Left Noise spectral density model including the spectrum for SUTR sampling. Right Total integrated noise in electrons for CDS and SUTR sampling cadences.

The difference in noise behavior for the CDS and SUTR sampling is useful in explaining observations made in data from several FPAs made for the Nancy Grace Roman Space Telescope.8 These FPAs use the Teledyne H4RG-10 ROIC, are of format 4 K × 4 K, with 10-µm pixel pitch and 2.5-µm cutoff wavelength. Noise was measured at 95 K for both CDS and SUTR multi-sampling modes. Figure 8 shows example maps where a rare failure mode was seen in the flight production FPAs, in which large regions of pixels showed anomalously low CDS noise, concurrently with anomalously high SUTR noise in the same regions. While the root cause for these failed FPAs was not explicitly determined, the modeling above suggests that a cause such as organic contact contamination or poor indium interconnection, resulting in very high series resistance, would be consistent with the data.

Fig. 8
figure 8

Noise maps for anomalous H4RG-10 2.5-µm cutoff FPAs made for the Roman Space Telescope. We see map features where CDS noise is anomalously low while SUTR noise is anomalously high. This behavior can be explained in the case of very high series resistances.

Finally, care should be taken in analysis of multi-sampling noise, for the cases where the noise spectral density is not white over the multi-sampling effective frequency range. In general, analysis such as that by Rauscher1 will be modified by the presence of excess contact resistance, since the contact noise spectral density can be strongly changing with frequency. In these cases, the full noise integral which includes the sampling cadence filter frequency response (Fourier transform of time sampling), is required rather than statistical sampling regressions which may assume white CDS noise.

Conclusions

Contact resistance can add excess noise to infrared FPAs, particularly in configurations which use source follower input cell ROICS, such as the Teledyne HXRG family.

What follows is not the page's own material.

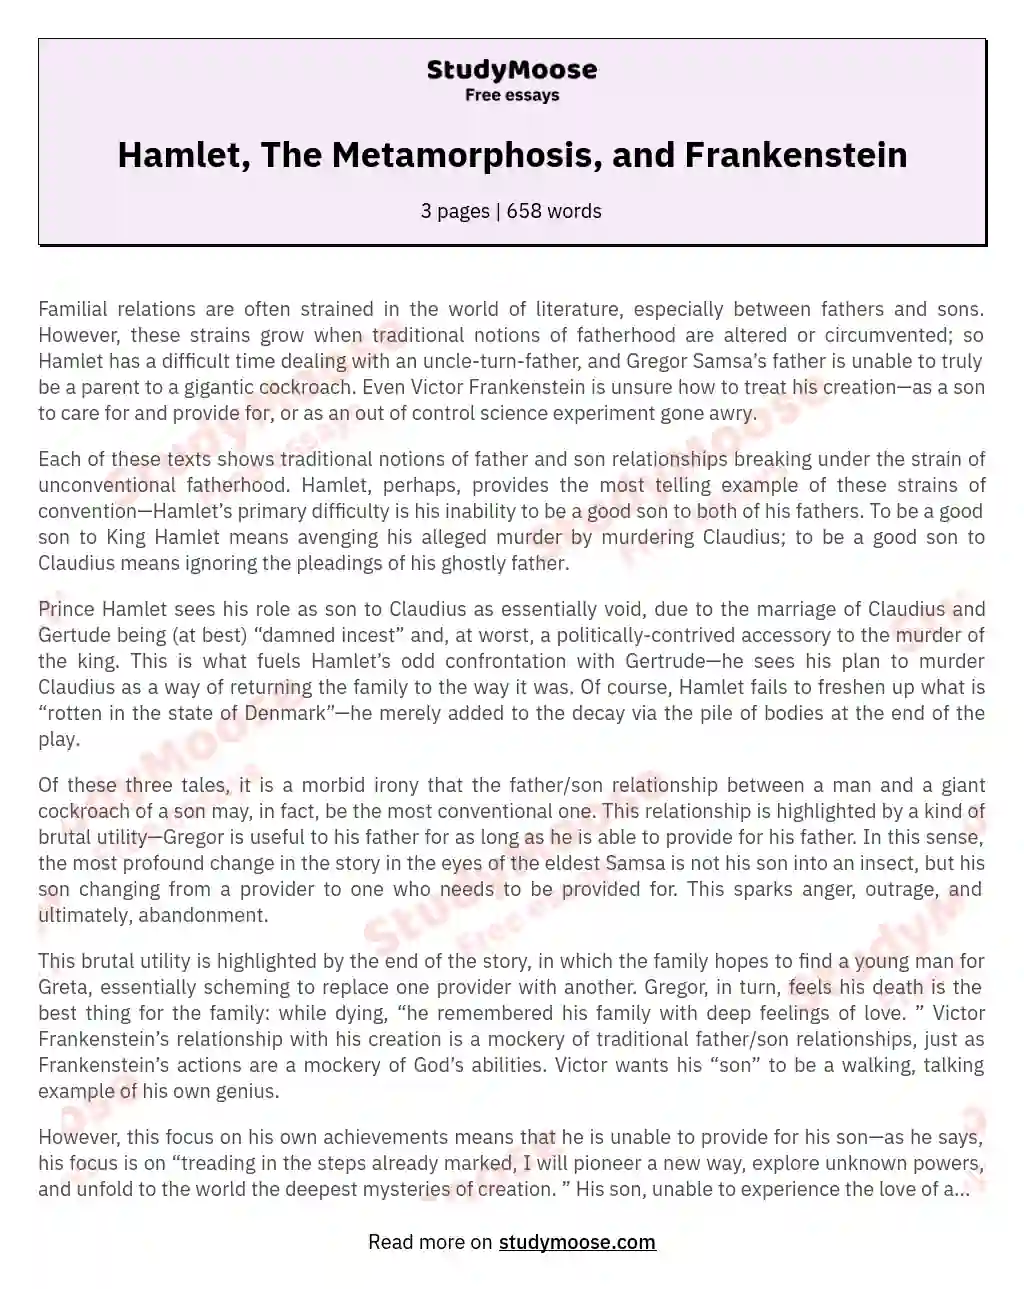 Hamlet, The Metamorphosis, and Frankenstein essay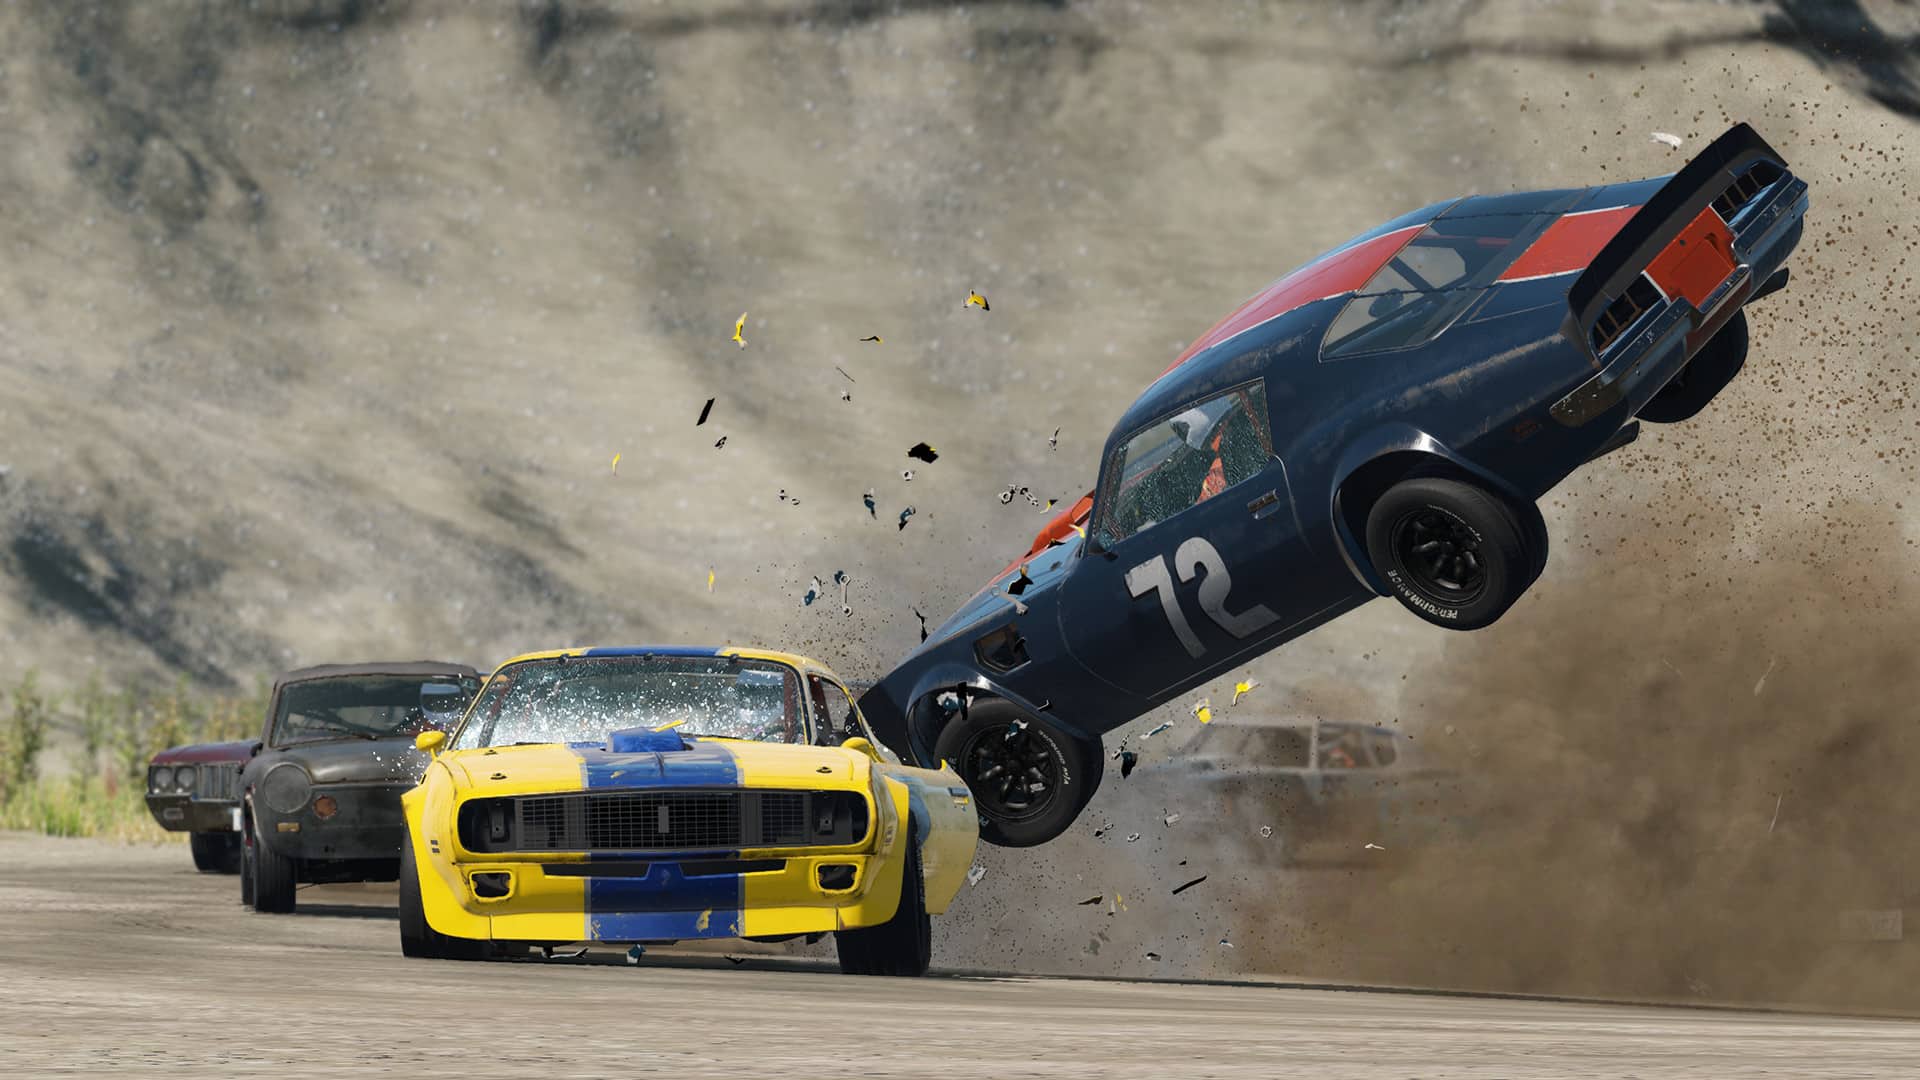 Next Car Game Ps4 Wallpaper - Wreckfest Xbox One Review - HD Wallpaper

The behavior of CDS noise is predicted to fall into three regions: the low-resistance region, where the noise is dominated by the ROIC, the intermediate region, where noise is dominated by contact kTC noise (independent of R), and the high-resistance range, where the CDS sampling acts as a high pass filter, reducing the noise again. Other sampling cadences such as SUTR are expected to increase in noise monotonically with contact resistance. The different behavior between CDS and SUTR sampling can give rise to cases where CDS noise is anomalously low and SUTR noise is anomalously high. Example FPA noise data have been shown confirming the model predicted noise behavior, with some amount of variability. This noise analysis approach, using a detector equivalent circuit combined with that of the ROIC input cell, is generally applicable to FPAs of any sensing material, cutoff wavelength, and operating temperature, which use a source follower input cell. While results were shown for SWIR HgCdTe at 95 K, similar results are obtained for 1.7-µm detectors (which tend to be even more limited by contact resistance), while longer wavelength detectors, where contacts are made to narrower band-gap material, tend to allow generally lower contact resistance, and therefore tend to remain in the ROIC dominant regime.